Our Board consists of individuals who have decades of experience with CDH and nonprofits. One of our board members oversees three Trust Funds which are audited annually. We do not see it is cost effective to pay for an audit of our finances when each dollar is accounted for. All of our 990s are available we submit our forms on time each year. Legal fees, $12,500.00 for 9 years - that is pretty good for a nonprofit many pay that a year or more. If we paid that for an audit, would that be acceptable? That is probably what it would cost. Perhaps you should email us at firstname.lastname@example.org for more information, we would be glad to give you our annual reports - we don't file them consistently on Guidestar because Guidestar is looking for it's own revenue. Guidestar is just a repository of nonprofit info. And we are a Bronze Level only because we have never had an audit. Further this, Breath of Hope is the first organization to have donated to CDH Medical Research, we have always filed a 990 Form, even when we were not required to do so. You have not contacted us directly so your review is questionable. It is quite obvious - please see the link for Grandpop's reviews one right after another: http://greatnonprofits.org/users/profile/217290
My son died from CDH. I didn't know what it was or anything about it. After he passed I began looking online for information about this defect. I came across Breath of Hope and I couldn't have been happier. Elizabeth was very comforting and welcoming. I didn't feel awkward putting my story or my feelings out there because I knew all the people on there have lost children or have children with this defect that stole my son from me. I can vent any day of the week, any hour and I will always get a caring response. BOH has definitely changed my life and has helped me get through the grieving process.
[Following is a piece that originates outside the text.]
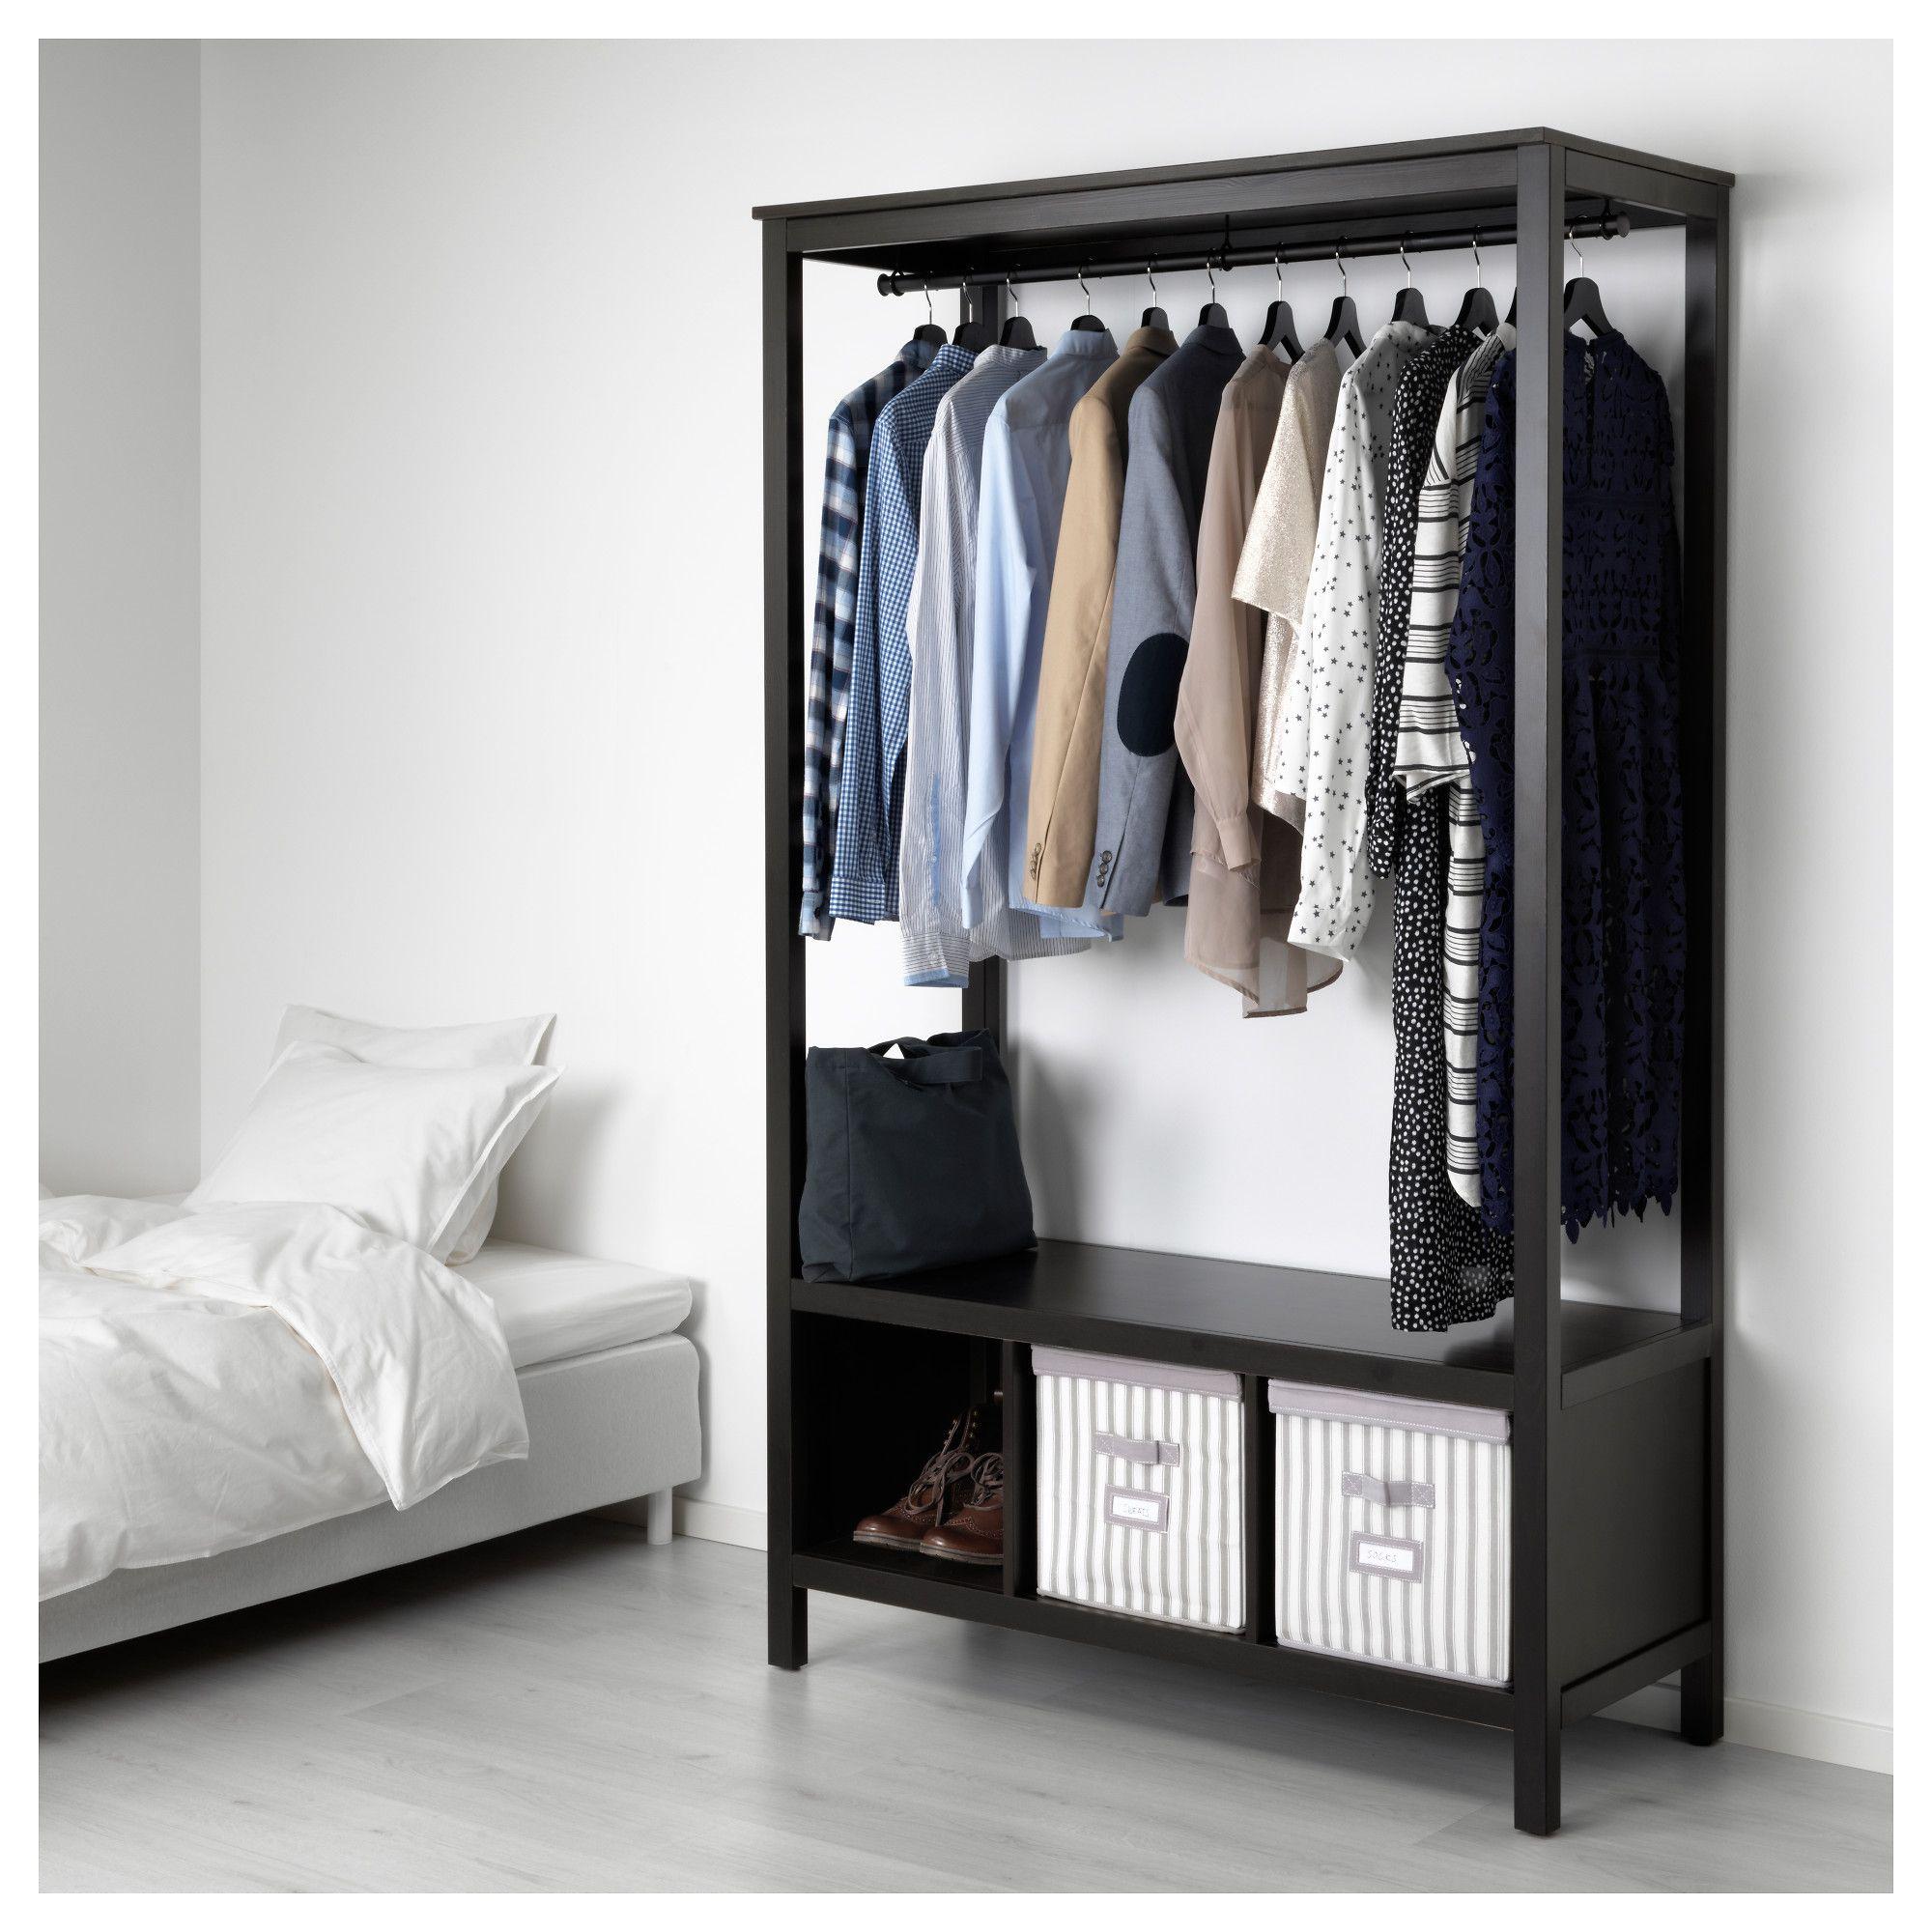 Ikea Hemnes Open Wardrobe Black Brown In 2019 Products
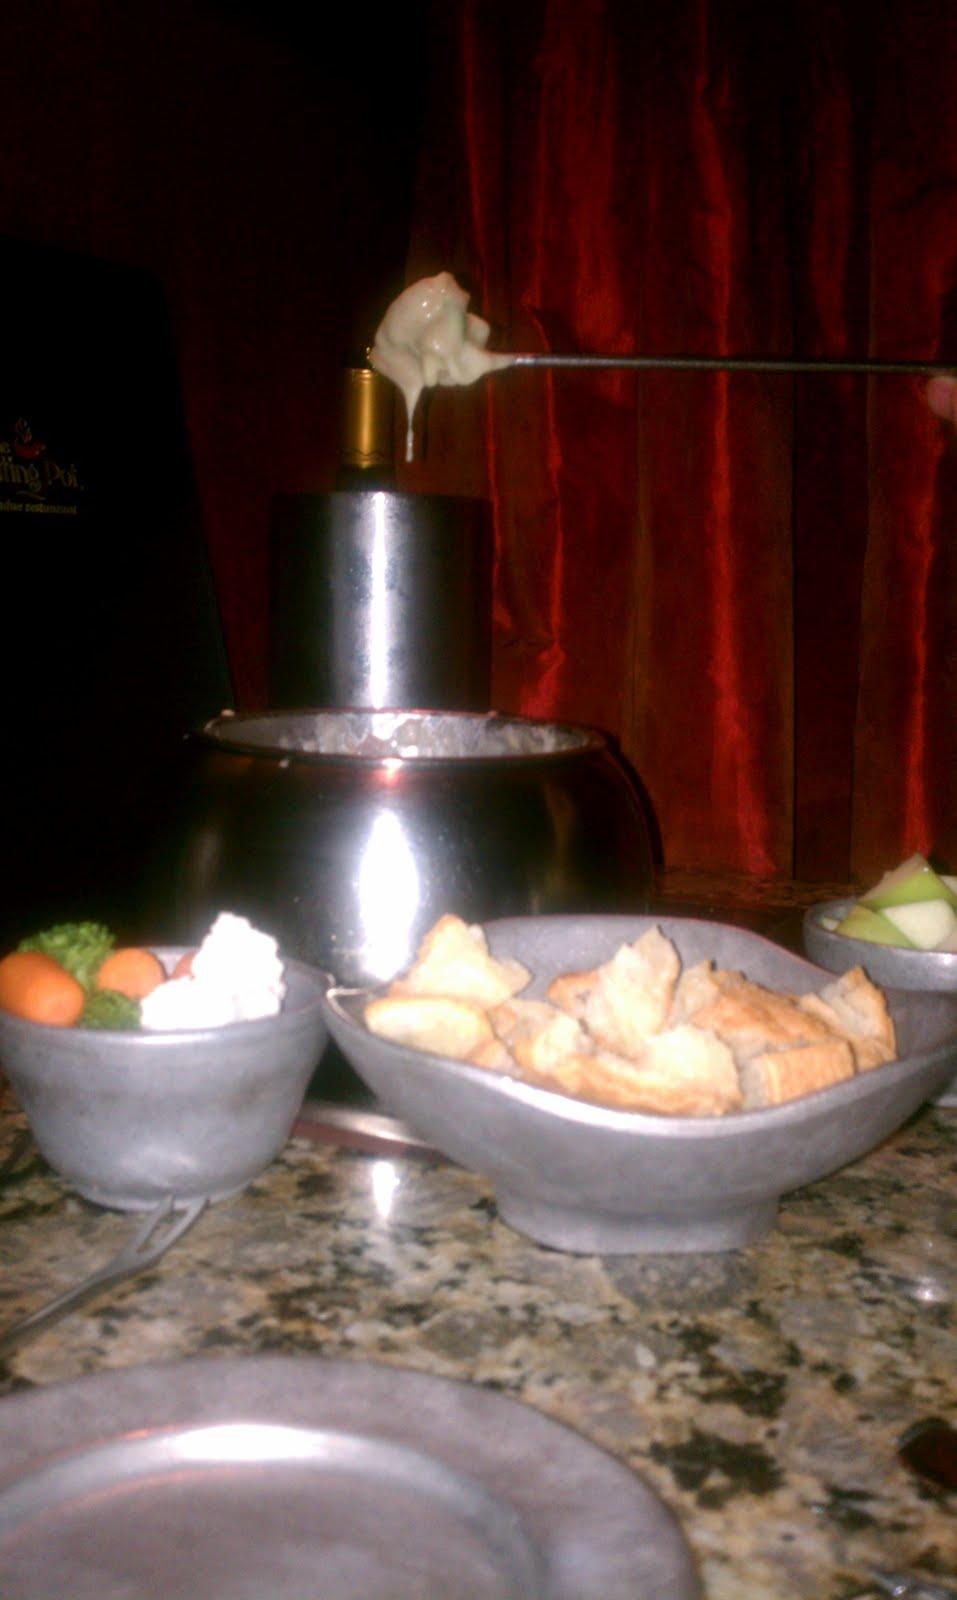 Gluten Free Durham: The Melting Pot, Restaurant Review

They are very informative. I wish I had them from the first day I was told my son had CDH.
My son was born with CDH he has overcome many obstacles. And he is age 9 !!!!! This group is nothing less than amazing and super supportive
My son was born with CDH in December of 2011. Thankfully he was a fighter and pulled through and is now a healthy 6 month old! Many other babies are not as lucky though and this charity is a wonderful way to bring awareness.
I came to learn about Breathe of Hope after my daughter was diagnosed and died from a congenital diaphragmatic hernia. I met Elizabeth who took me under her wing and helped me through my first year of grief. It has been long and hard road, but breathe of hope helped me see the light, especially Elizabeth!! They are awesome and have something helpful for all kinds of families that are dealing with CDH. Mine however happened to be that I am a Mom of an Angel and they were able to be there for me when I needed them most!!
After having experienced other CDH groups I find BOH refreshing! :) Elizabeth always has positive things to say to other CDH families and never bad mouths anymore. She encourages members to help other people and spread awareness. BOH is not about 1 person, it's about the whole group.
Awesome group of people who offer support, advice and prayers. A group that you can share your child's story and experiences or updates of your child because they have experienced it or they have a family member who is a CDH hero.
My son was born with CDH in May of 2009. Before he was diagnosed in the womb, we had never heard of CDH. The internet is full of very negative and heartbreaking information that did not allow us much hope while preparing for our sons arrival and the journey through a very scary time in our lives. The NICU nurses at the hospital pointed us in the direction of Breath of Hope and I have been following and looking to them for guidance ever since. Not only has BoH serves as a great source of information about Cash's early battle with CDH, but also continues to help me feel comfortable and make decisions about things such as shots, doctors appointments and just general support of other parents who have gone through similar circumstances. I will always be grateful to them for being our Breath of Hope!